Poszedłem do jej mieszkania. Nie mogłem uwierzyć, że to miejsce nadal jest nieposprzątane, a po chwili weszła do środka.

"Hej, nie dotykaj niczego w moim domu, pomogłam ci tylko dlatego, że uwierzyłam, że naprawdę byłeś głodny i się zgubiłeś."

"Nie mam dokąd pójść, spałem przez tysiąc lat i przeznaczenie sprowadziło cię, by mnie obudzić, chociaż nie zaakceptowałem cię jeszcze jako mojej partnerki, jesteś moja." Powiedziałem jej, a ona zaczęła się śmiać tak głośno.

"Natychmiast dzwonię na policję, musisz być szalony." Powiedziała, wybierając numer, a po kilku sekundach usłyszałem syreny.

"Naomi, wiesz, że policja nie może nas rozdzielić, nawet jeśli jestem zbyt słaby, żeby cię oznaczyć."

"Zamknij się, Aiden, co ci mówiłam? Teraz jesteś zagrożony, nie wiemy, co się z nami stało tysiąc lat temu i nie mamy pojęcia, kim jest nasz wróg. Nasz partner to jedyna osoba, której możemy teraz zaufać. Staraj się zachowywać jak zwykły facet w swoich dwudziestkach." Red znowu doradzał, a ja czułem się tak bezużyteczny bez mojej wilczej formy.

"Proszę." Nie miałem wyboru, musiałem użyć tego słowa, ale ona po prostu mnie zignorowała i wpuściła policjantów.

"Oficerze, to jest mężczyzna, który sprawia mi kłopoty. Nie znam go i powoduje dla mnie tyle problemów."

"Młody człowieku, jak się nazywasz?"

"Alp..." Zatrzymałem się, nie mogłem pozwolić, żeby wiedział, że jestem Alfą, musiałem zachowywać się jak słaby człowiek.

"Nazywam się Aiden."

"Aiden, mogę zobaczyć twój dowód tożsamości i kim są twoi rodzice?"

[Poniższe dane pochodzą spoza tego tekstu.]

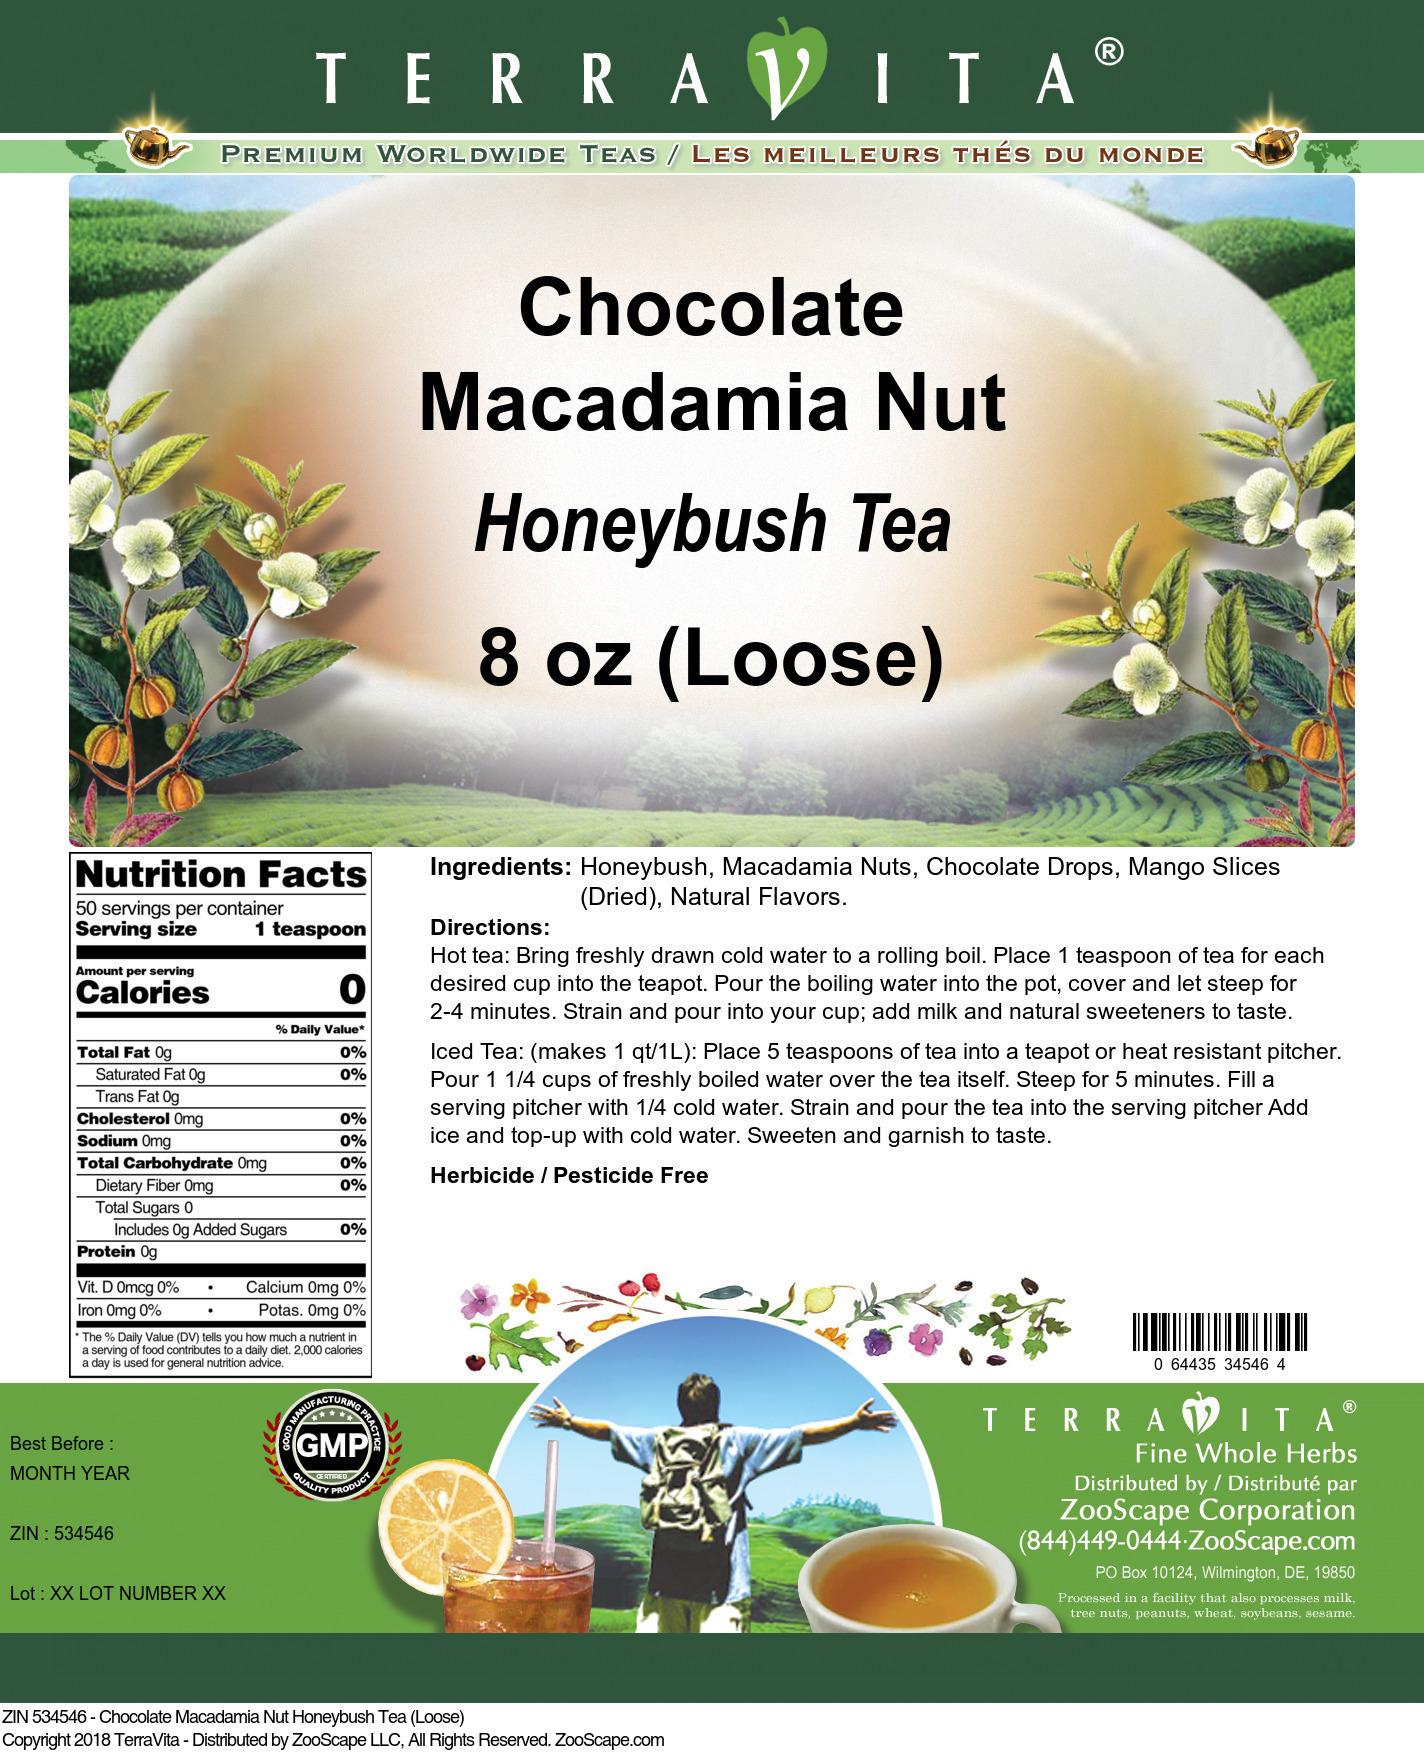 Chocolate Macadamia Nut Honeybush Tea
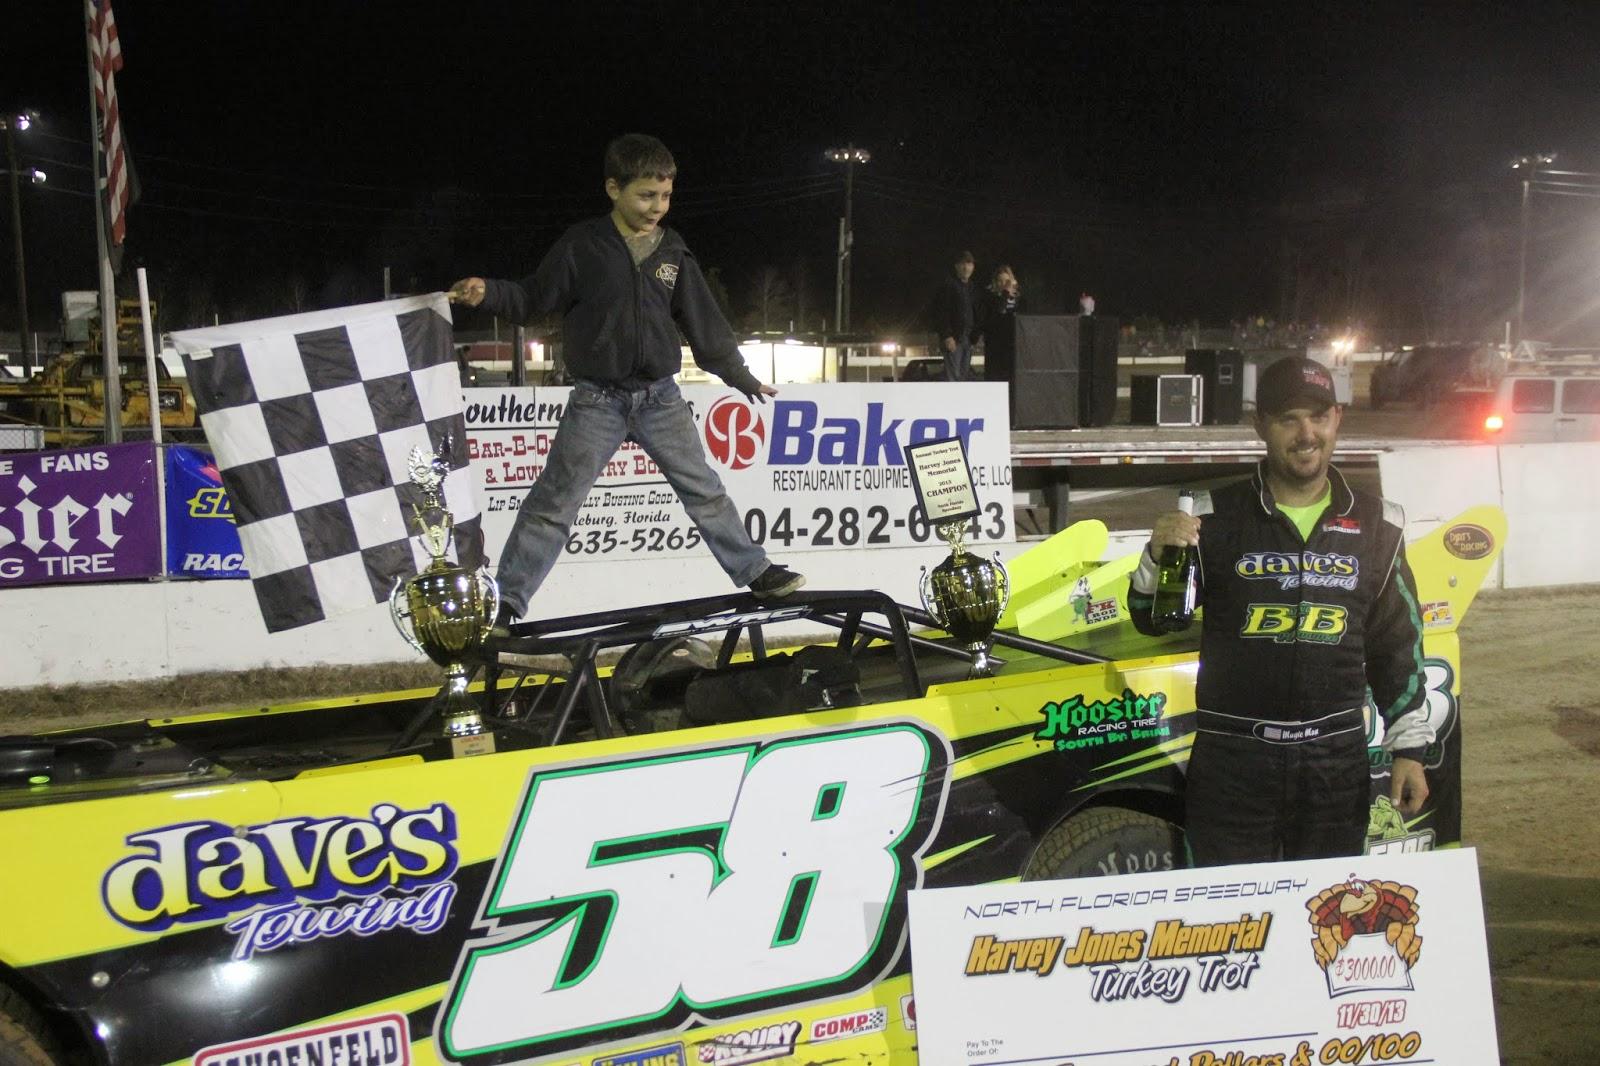 Bubba Raceway Park >> Deep Dixie Racing: Mark Whitener Wins UDLMS Race And ...

"Nie mam go." Odpowiedziałem.

"Przepraszam, na które pytanie odpowiadasz?" zapytał uprzejmie policjant.

"Chodzi mi o dowód tożsamości, a także myślę, że moi rodzice nie żyją. Nie mam nikogo poza nią, ona jest moją m..." spojrzała na mnie z zabójczym wzrokiem, kiedy miałem powiedzieć słowo "partnerka," musiałem przestać mówić.

"Cóż, Aiden, musisz teraz pójść ze mną na komisariat, muszę cię sprawdzić i chcę, żebyś nigdy więcej nie przekraczał granicy." Poszedłem z nim i obserwowałem, jak przeprowadzają tyle kontroli na mnie, ale nie znaleźli żadnych moich zapisów, co ich bardzo zdezorientowało.

"Kim naprawdę jesteś?"

"Nazywam się Aiden, to wszystko, co pamiętam." Odpowiedziałem.

"Przypuszczam, że może cierpieć na utratę pamięci, powinniśmy go po prostu puścić, ale także mieć na niego oko, na wypadek gdyby sprawiał problemy. Ty tam, sprawdź akta zaginionych osób i zobacz, czy imię Aiden jest wymienione." Uśmiechnąłem się, słuchając ich rozmowy, i pozwolono mi odejść.

Nie miałem dokąd pójść i nie mogłem wrócić do domu mojej partnerki, a Red był zbyt słaby, żeby dotrzymać mi towarzystwa. Jestem teraz tak zdezorientowany. Czuję się całkowicie zagubiony w tym świecie. Kim jestem?

Usłyszałem potężną burzę z piorunami i straszliwe błyskawice, chmury stały się ciężkie i zaczęło mocno padać, byłem przemoczony od czubka głowy po same stopy, drżąc jednocześnie i chciałem po prostu wrócić do snu i przestać istnieć.

Zamykając oczy i otwierając je, zobaczyłem ją idącą do mnie w deszczu z parasolem i uśmiechnąłem się, myśląc, że musiałem o niej myśleć, zanim zemdlałem i zostałem siłą wciągnięty w moją podświadomość.